Although embodiments of the present invention have been shown and described above, it is understood that the above embodiments are exemplary and should not be construed as limiting the present invention, and that variations, modifications, substitutions and alterations can be made to the above embodiments by those of ordinary skill in the art within the scope of the present invention.

Claims

1. A production method of an axial metal sealing ring is characterized by comprising the steps of preparing materials, and selecting a hard strip; b, blanking in fixed length, and cutting the strip into small sections with required length; c, butt welding, namely butt welding two ends of each small section of strip to form a ring; d, rolling the steel sheet into round pieces by using a rolling machine; e, forming, namely placing the obtained product into an electromagnetic forming device for forming; f, cutting the residual edges, and cutting off the residual edges at two ends in the axial direction.

2. The method for producing an axial metallic seal ring according to claim 1, wherein in the step b, the upper limit tolerance of the length of each segment of the strip is set to 0mm, the lower limit tolerance of the length of each segment of the strip is set to-0.2 mm, and the parallelism is less than or equal to 0.05 mm.

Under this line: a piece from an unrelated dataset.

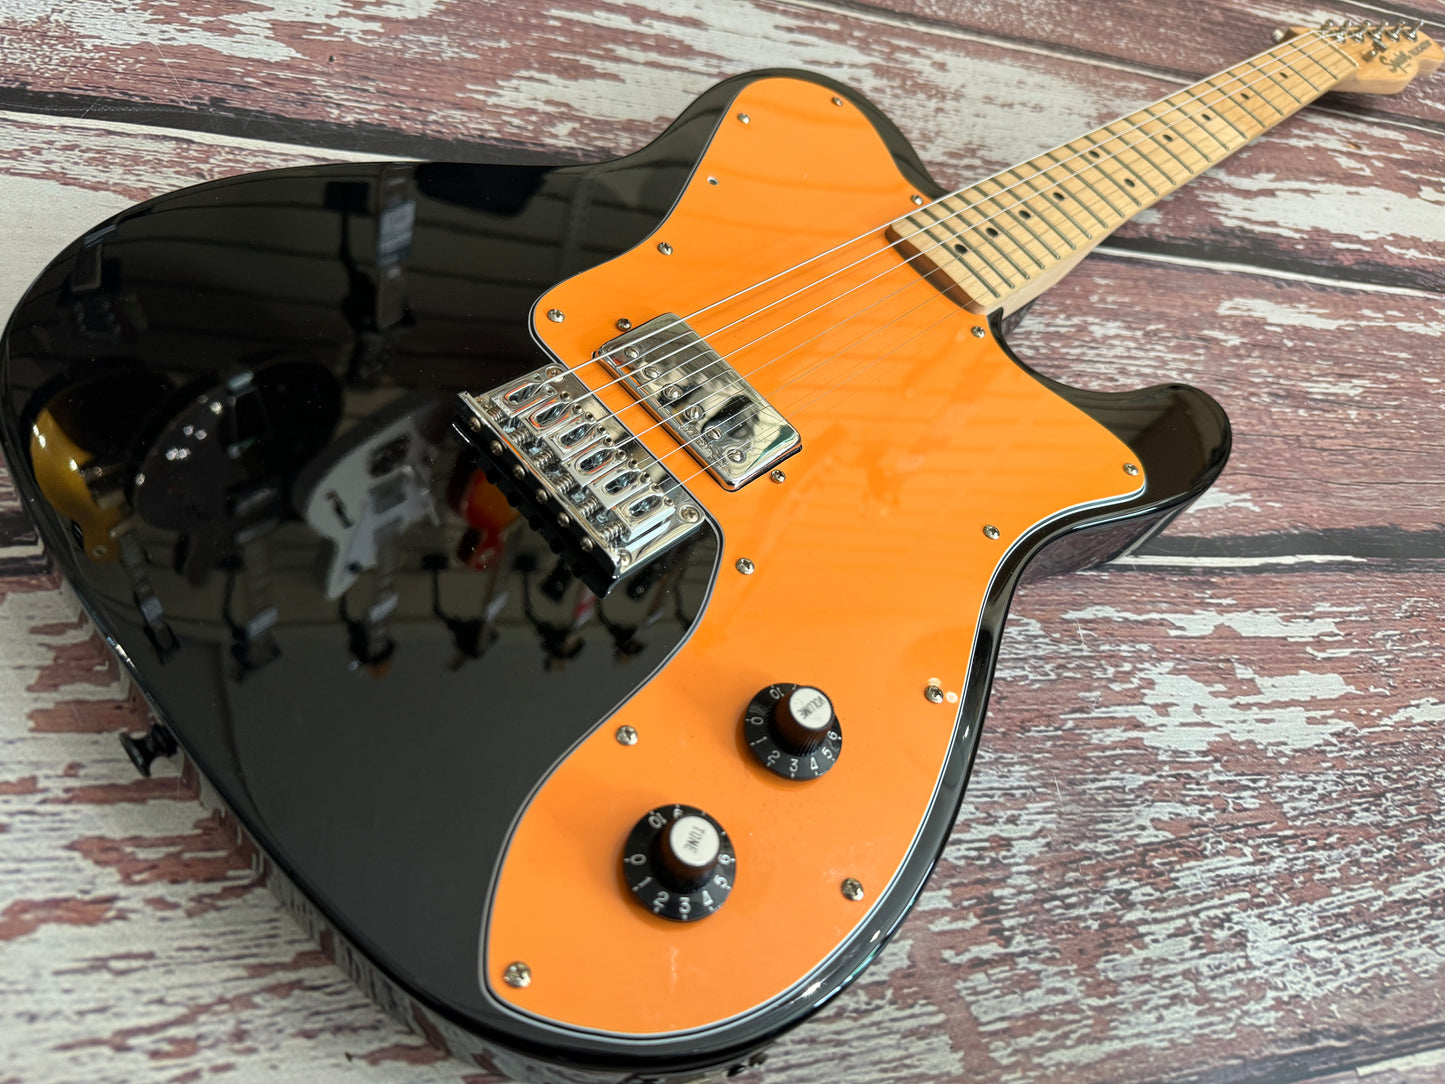 Squier "WTF" Telecaster thing!
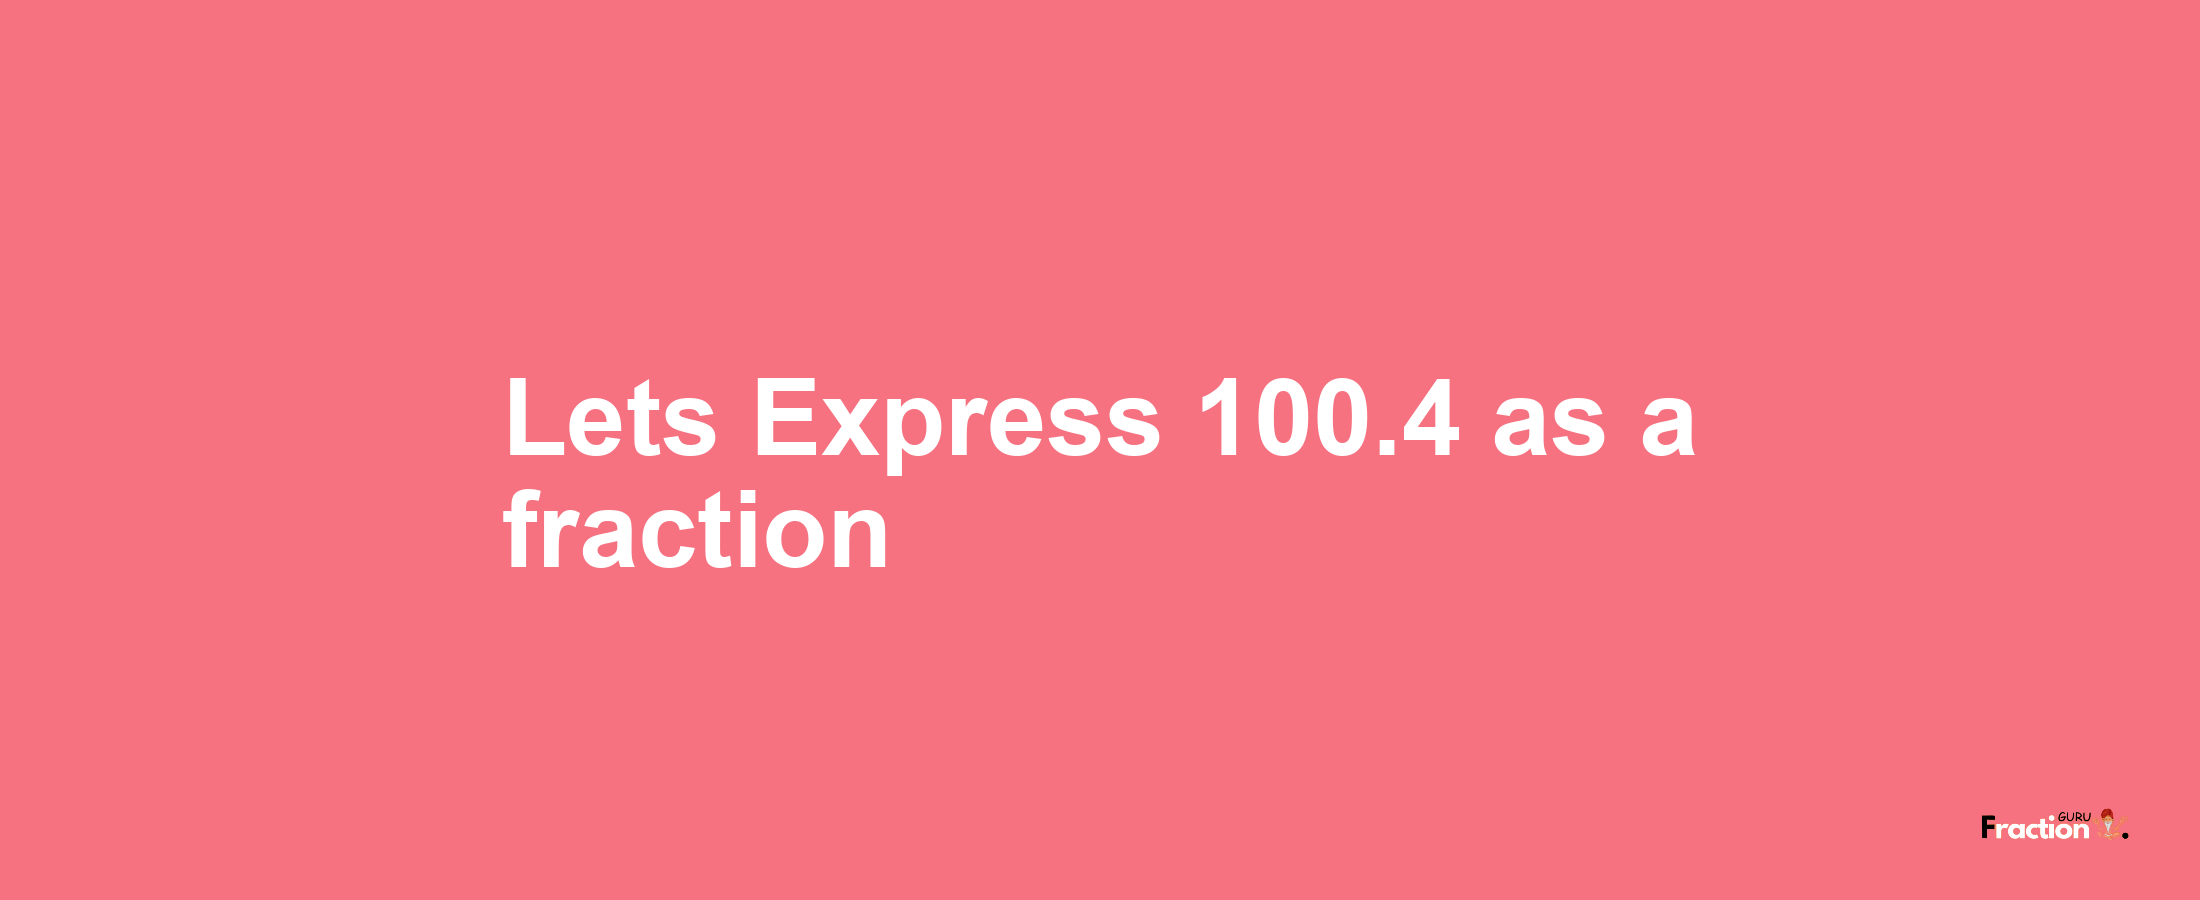 Lets Express 100.4 as afraction

3. The method for producing an axial metallic seal ring according to claim 1, wherein in the step c, the gap between the two ends of each segment of strip is less than or equal to 0.1mm during butt welding, the width misalignment is less than or equal to 0.1mm, and the thickness misalignment is less than or equal to 0.01 mm.

4. The method for producing an axial metallic seal ring according to claim 1, wherein in the step c, the weld joint is ensured to be continuous and penetration, and the quality is qualified by X-ray flaw detection.

5. The method for producing an axial metallic seal ring according to claim 1, wherein the thickness margin and the width margin of the strip selected in the step a are calculated and determined according to actual production conditions.

6. The method for producing an axial metallic sealing ring according to claim 1, further comprising a step g of surface treatment after the step f, wherein the surface treatment is performed by plasma spraying, the spraying material is AlCrN, and the spraying thickness is 4-6 μm.

7. The method for producing an axial metallic seal ring according to claim 6, further comprising a step h of marking the non-sealing surface with a laser after the step g.

8. The method for producing an axial metallic seal ring according to claim 7, further comprising a step i of final inspection after the step h, wherein each inspection is performed according to a design drawing.

9. The method for producing an axial metallic seal ring according to claim 8, further comprising step j of packaging and warehousing after the step i.

10. The method for producing an axial metallic seal ring according to claim 1, wherein the cutting in step b is laser cutting or blanking cutting.